The Company’s deposits are made with banks located in the PRC. They do not carry federal deposit insurance and may be subject to loss of the banks become insolvent.

 

Since the Company’s inception, the age of account receivables has been less than one year indicating that the Company is subject to minimal risk borne from credit extended to customers.

 

B.

Interest risk

 

The company is subject to interest rate risk when short term loans become due and require refinancing.

 

C.

Economic and political risks

 

The Company’s operations are conducted in the PRC. Accordingly, the Company’s business, financial condition, and results of operations may be influenced by changes in the political, economic, and legal environments in the PRC.

 

The Company’s operations in the PRC are subject to special considerations and significant risks not typically associated with companies in North America and Western Europe. These include risks associated with, among others, the political, economic and legal environment and foreign currency exchange.
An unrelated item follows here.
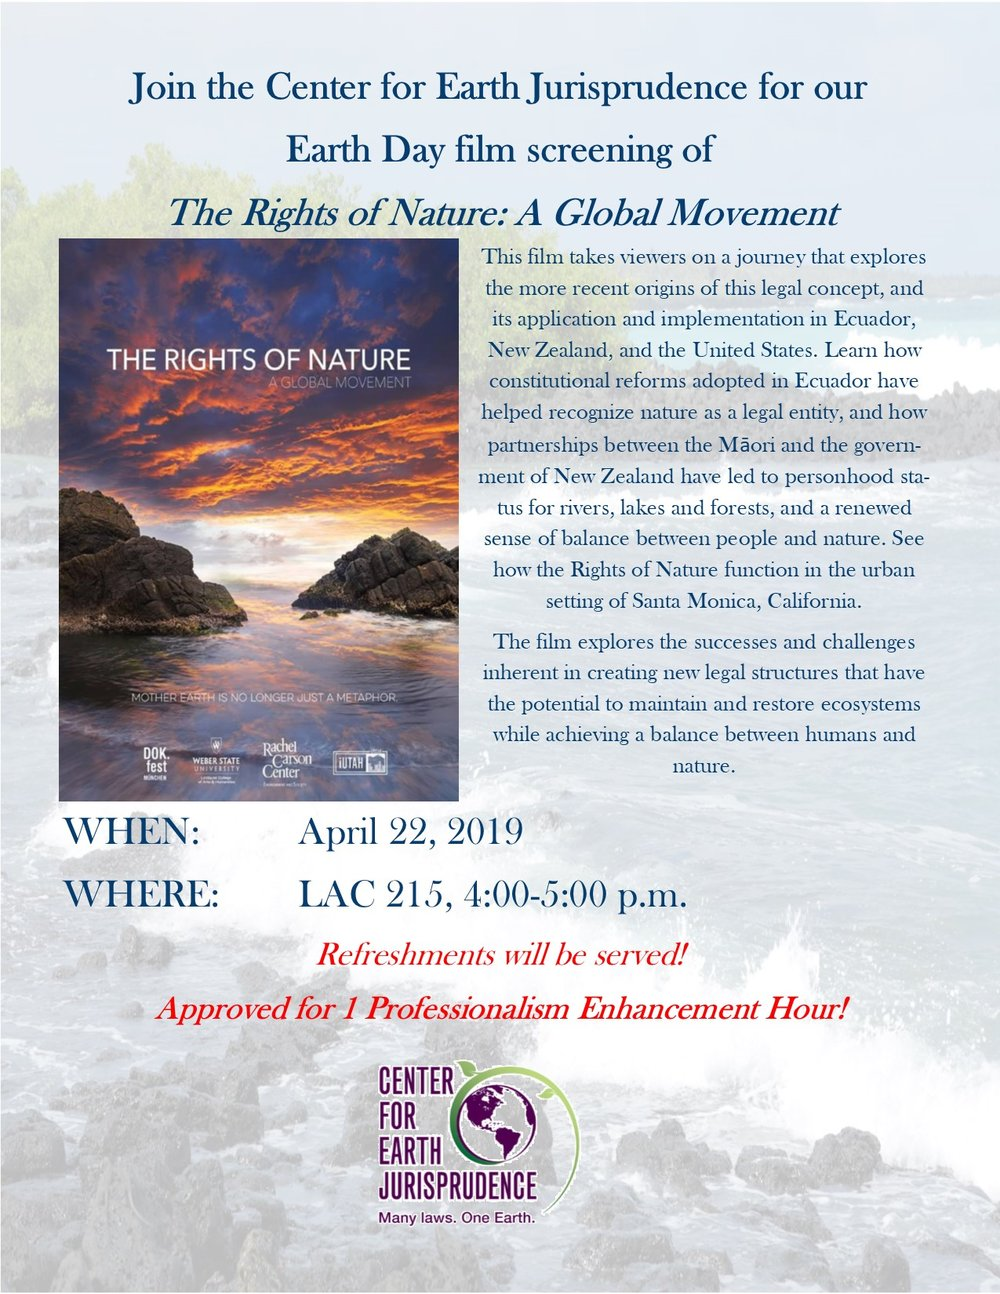 Earth Day 2019 Film Screening Flyer DRAFT.jpg

The Company’s results may be adversely affected by changes in the political and social conditions in the PRC, and by changes in governmental policies with respect to laws and regulations, anti-inflationary measures, currency conversion, remittances abroad, and rates and methods of taxation, among other things.

 

D.

Environmental risks

 

The Company has procured environmental licenses required by the PRC government. The Company has both a water treatment facility for water used in its production process and secure transportation to remove waste off site. In the event of an accident, the Company has purchased insurance to cover potential damage to employees, equipment, and local environment.

 

E.

Inflation Risk

 

Management monitors changes in prices levels. Historically inflation has not materially impacted the company’s financial statements; however, significant increases in the price of raw materials and labor that cannot be passed to the Company’s customers could adversely impact the Company’s results of operations.

 

11. Subsequent Events

 

The Company evaluates subsequent events that have occurred after the balance sheet date but before the financial statements are issued. There are two types of subsequent events: (1) recognized, or those that provide additional evidence with respect to conditions that existed at the date of the balance sheet, including the estimates inherent in the process of preparing financial statements, and (2) non-recognized, or those that provide evidence with respect to conditions that did not exist at the date of the balance sheet but arose subsequent to that date. The Company has evaluated subsequent events from December 31, 2017 through the date the financial statements were available to be issued and has determined that there are not any material subsequent events that require disclosure.